• _SUPPLIED INFORMATION_:
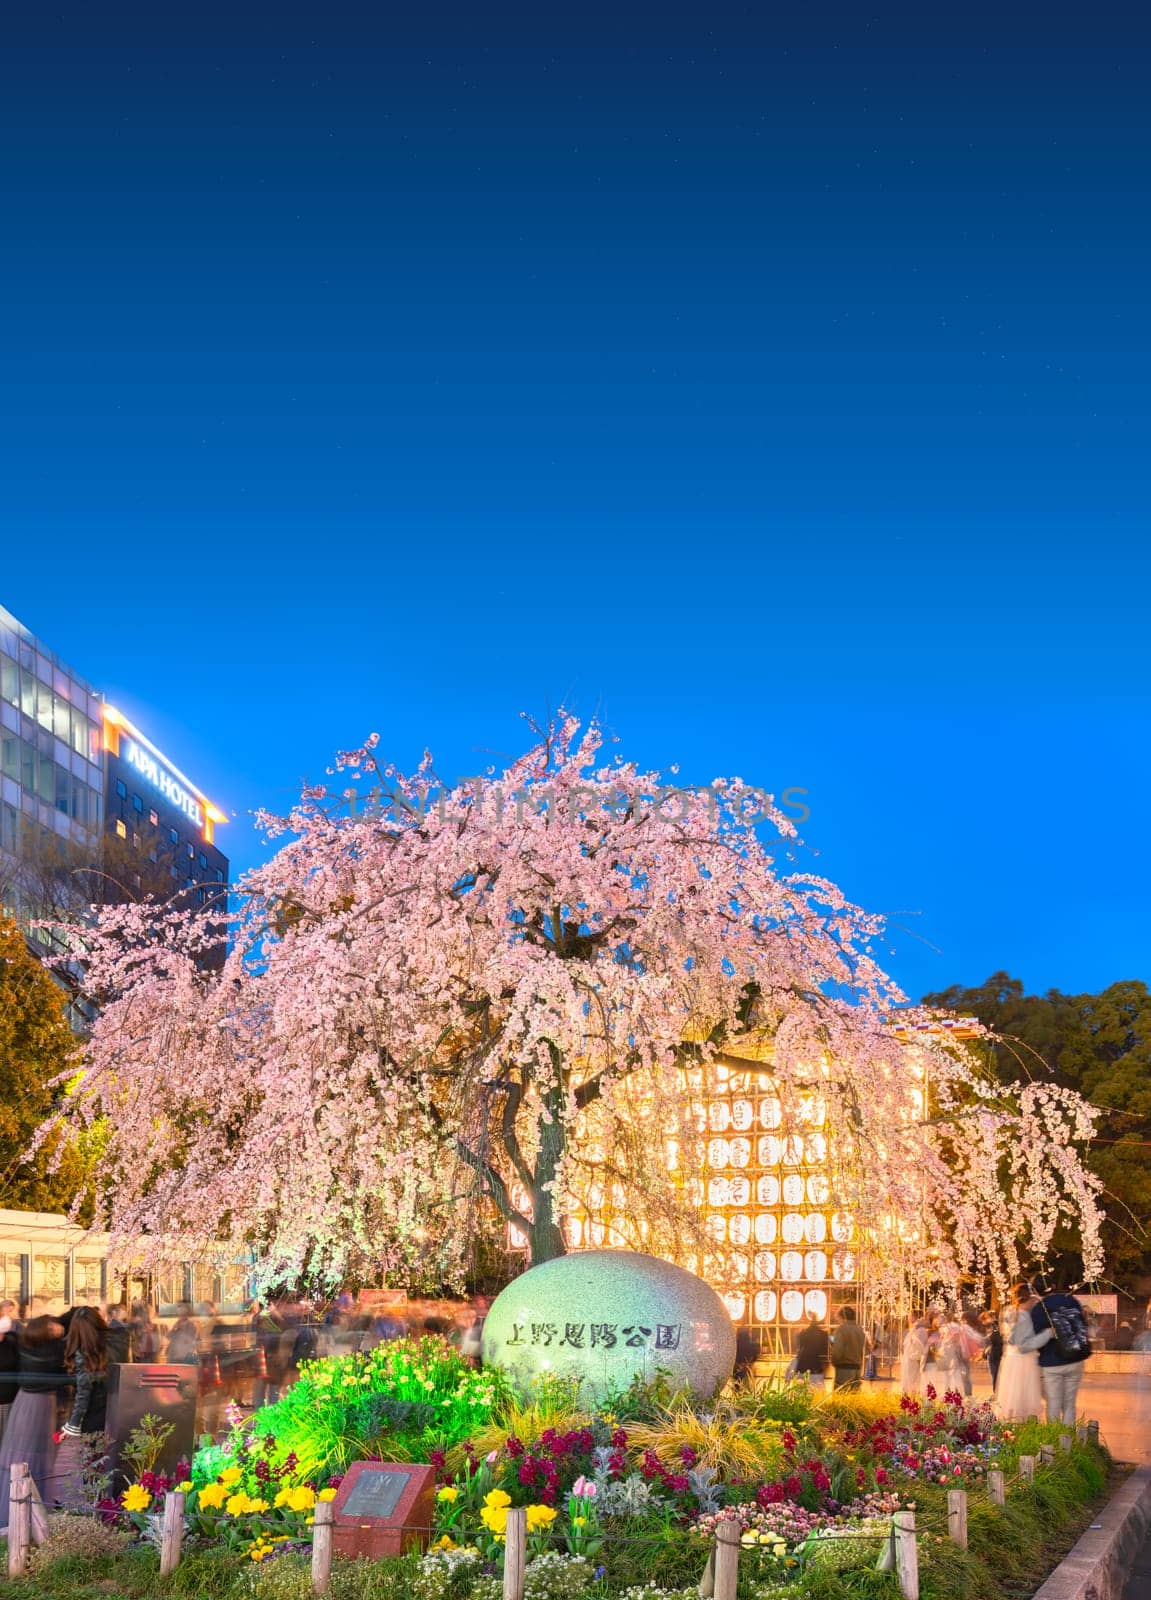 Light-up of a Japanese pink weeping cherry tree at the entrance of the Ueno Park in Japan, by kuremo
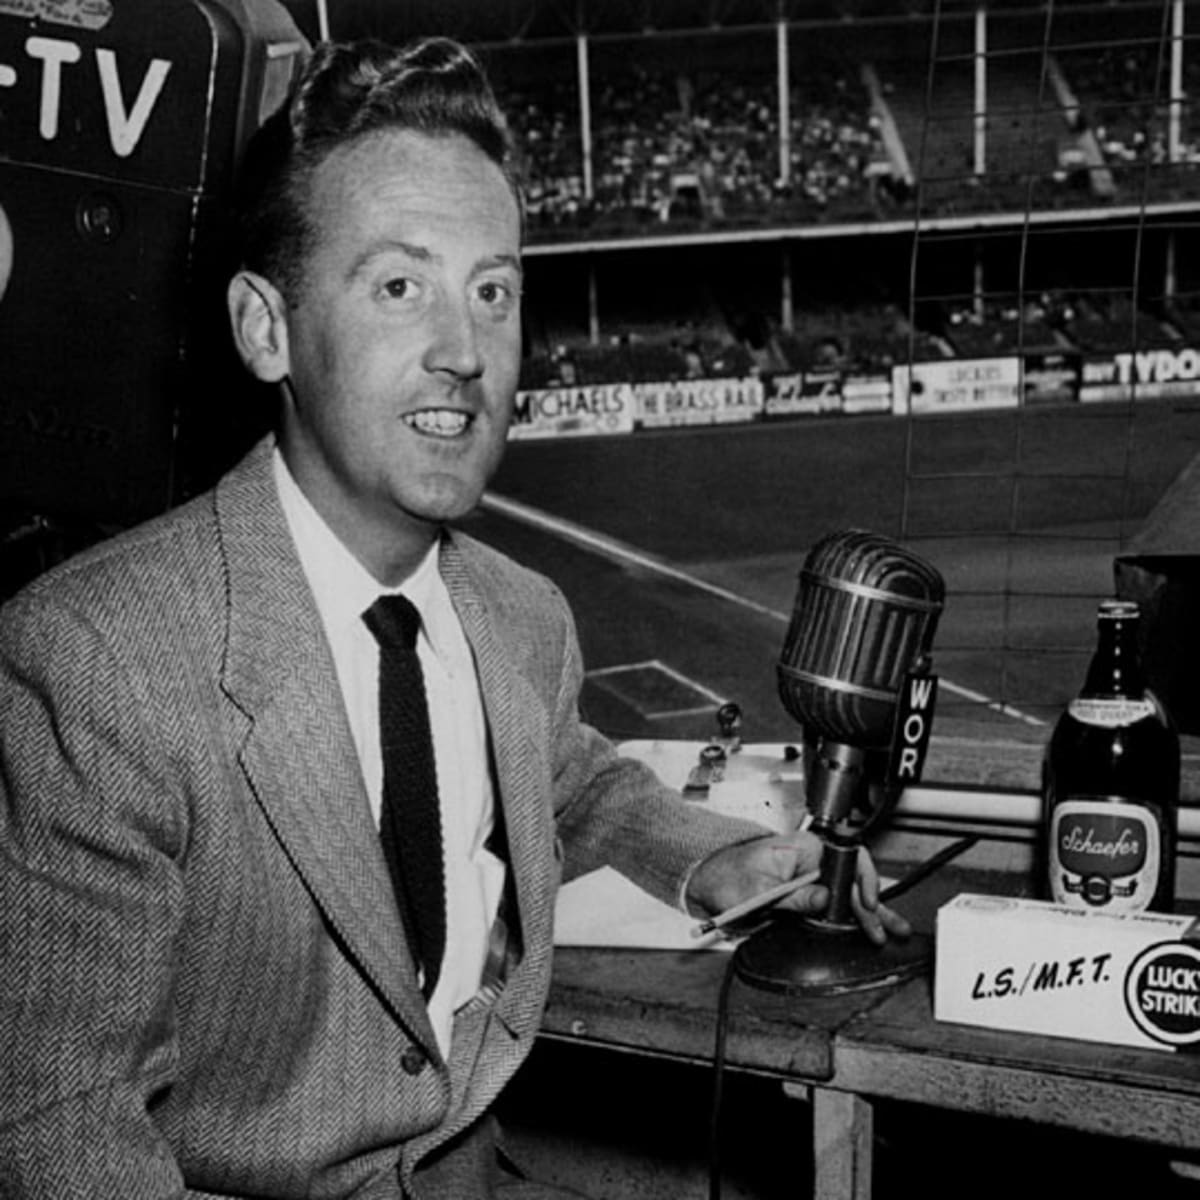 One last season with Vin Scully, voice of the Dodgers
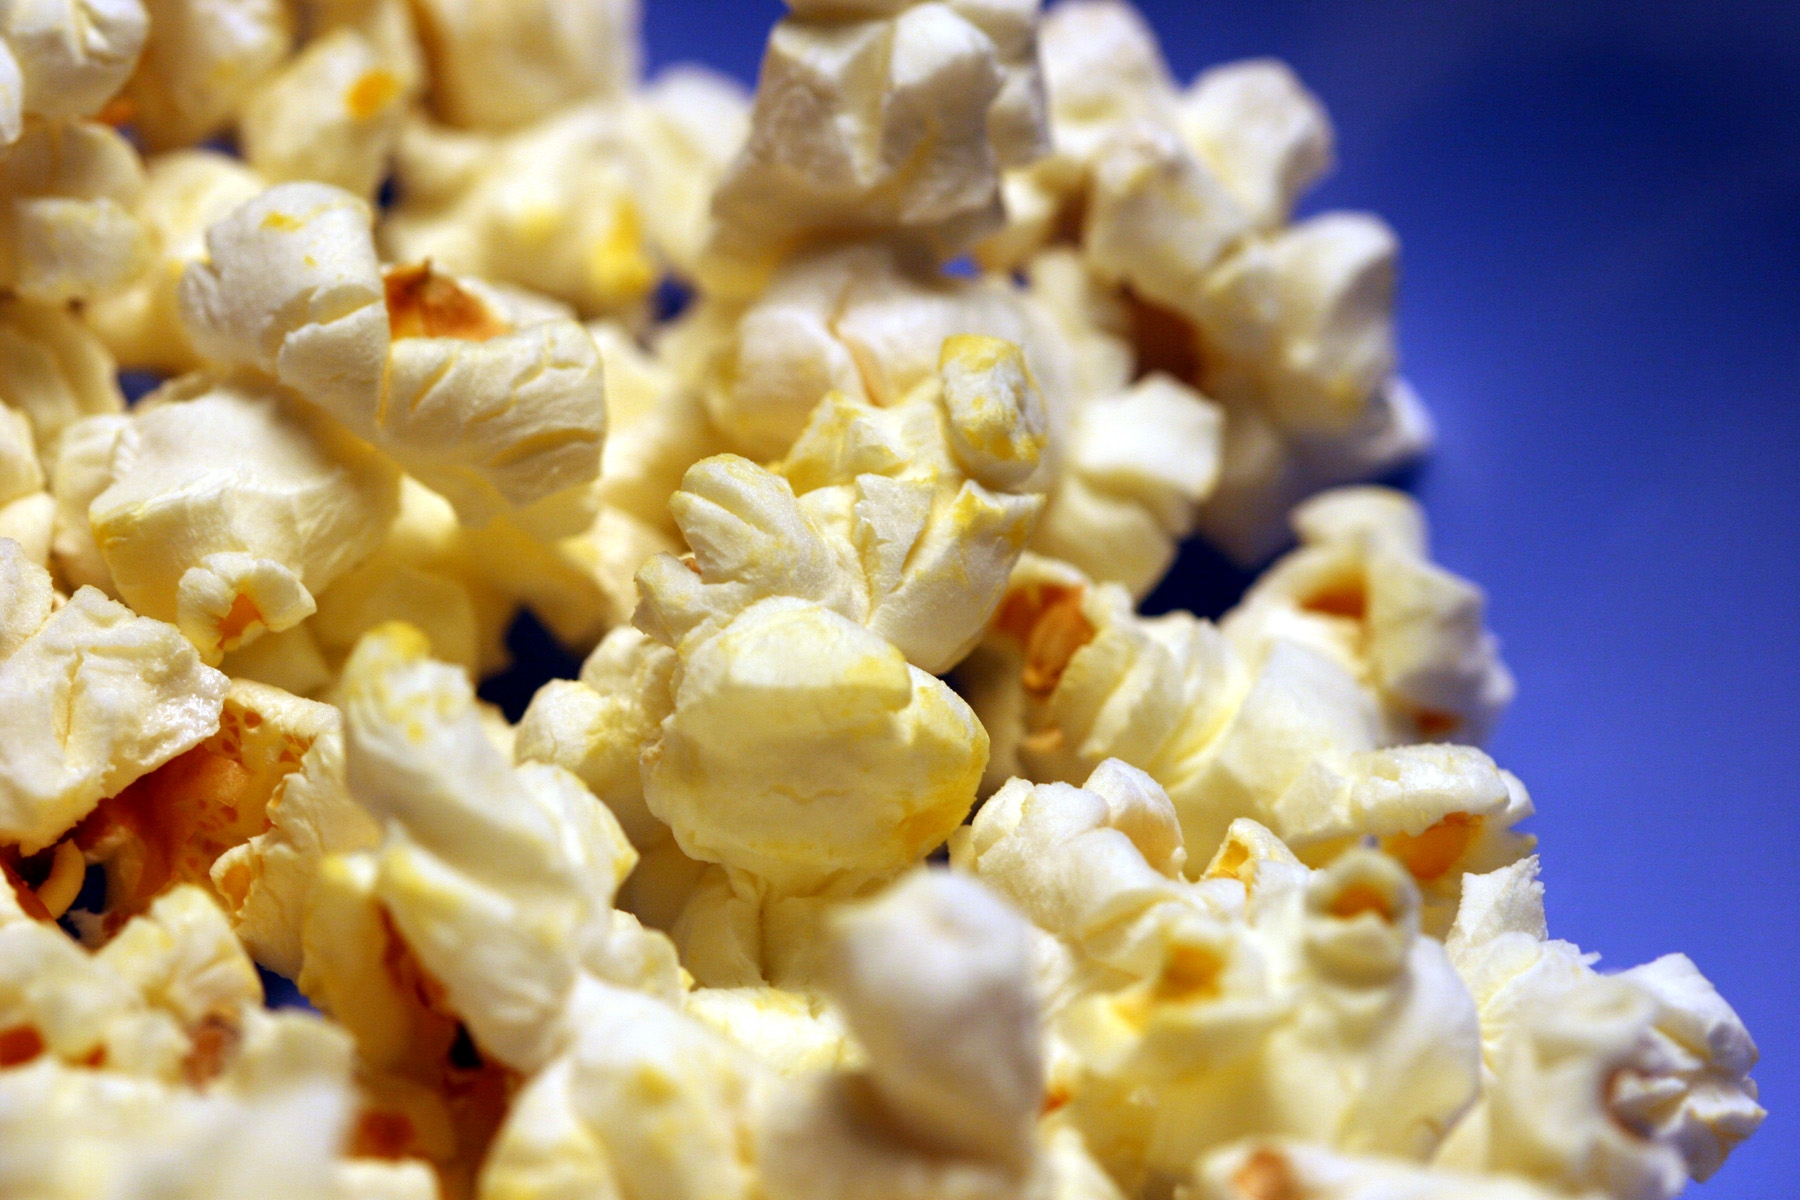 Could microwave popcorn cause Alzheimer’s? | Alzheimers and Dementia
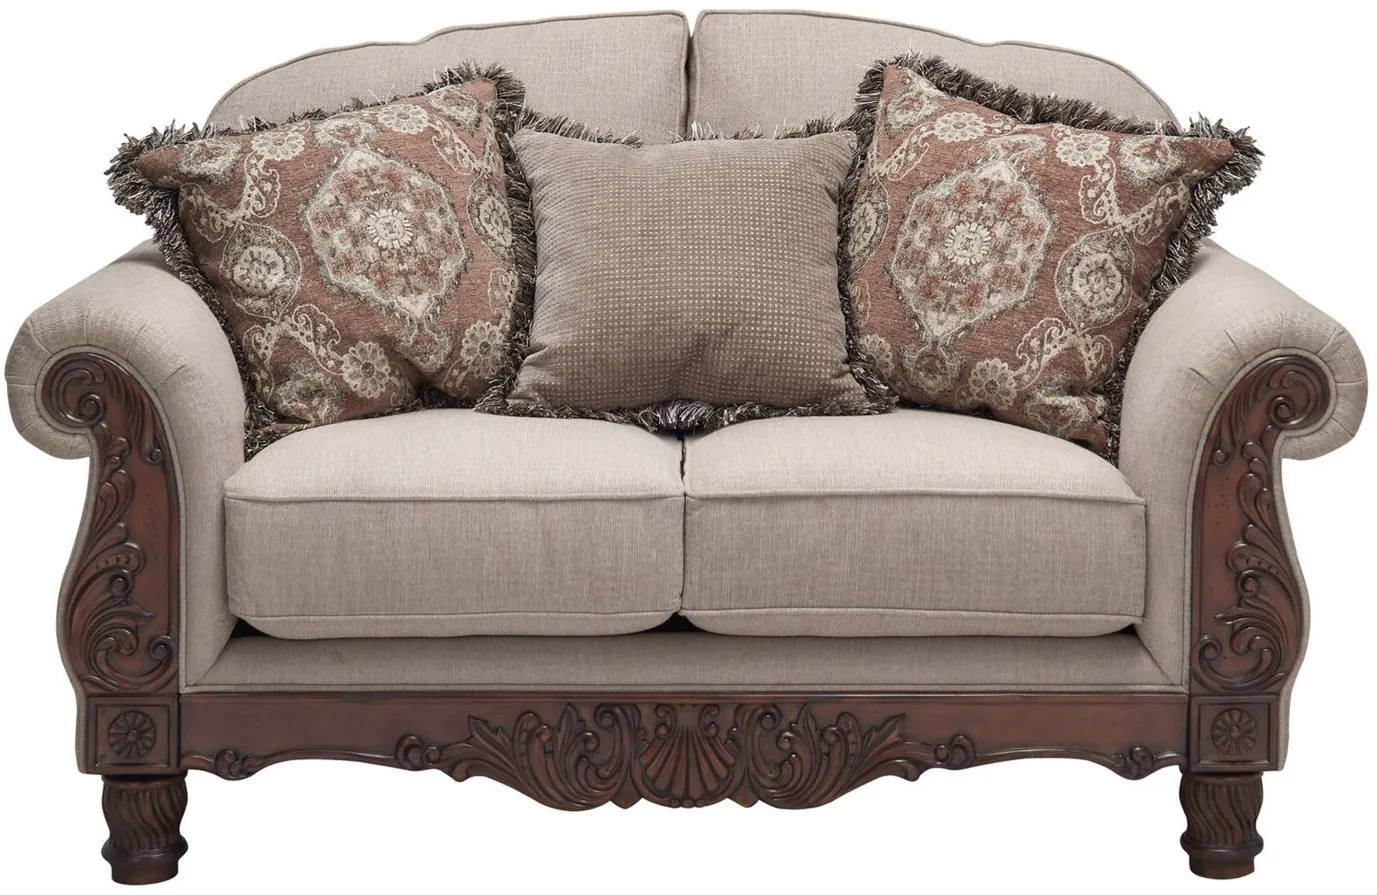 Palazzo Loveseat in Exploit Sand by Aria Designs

• _TASK INSTRUCTIONS_: Each line of the data above must be repeated exactly, images excluded.

• _RESPONSE_:
 Light-up of a Japanese pink weeping cherry tree at the entrance of the Ueno Park in Japan, by kuremo
 One last season with Vin Scully, voice of the Dodgers
 Could microwave popcorn cause Alzheimer’s? | Alzheimers and Dementia
 Palazzo Loveseat in Exploit Sand by Aria Designs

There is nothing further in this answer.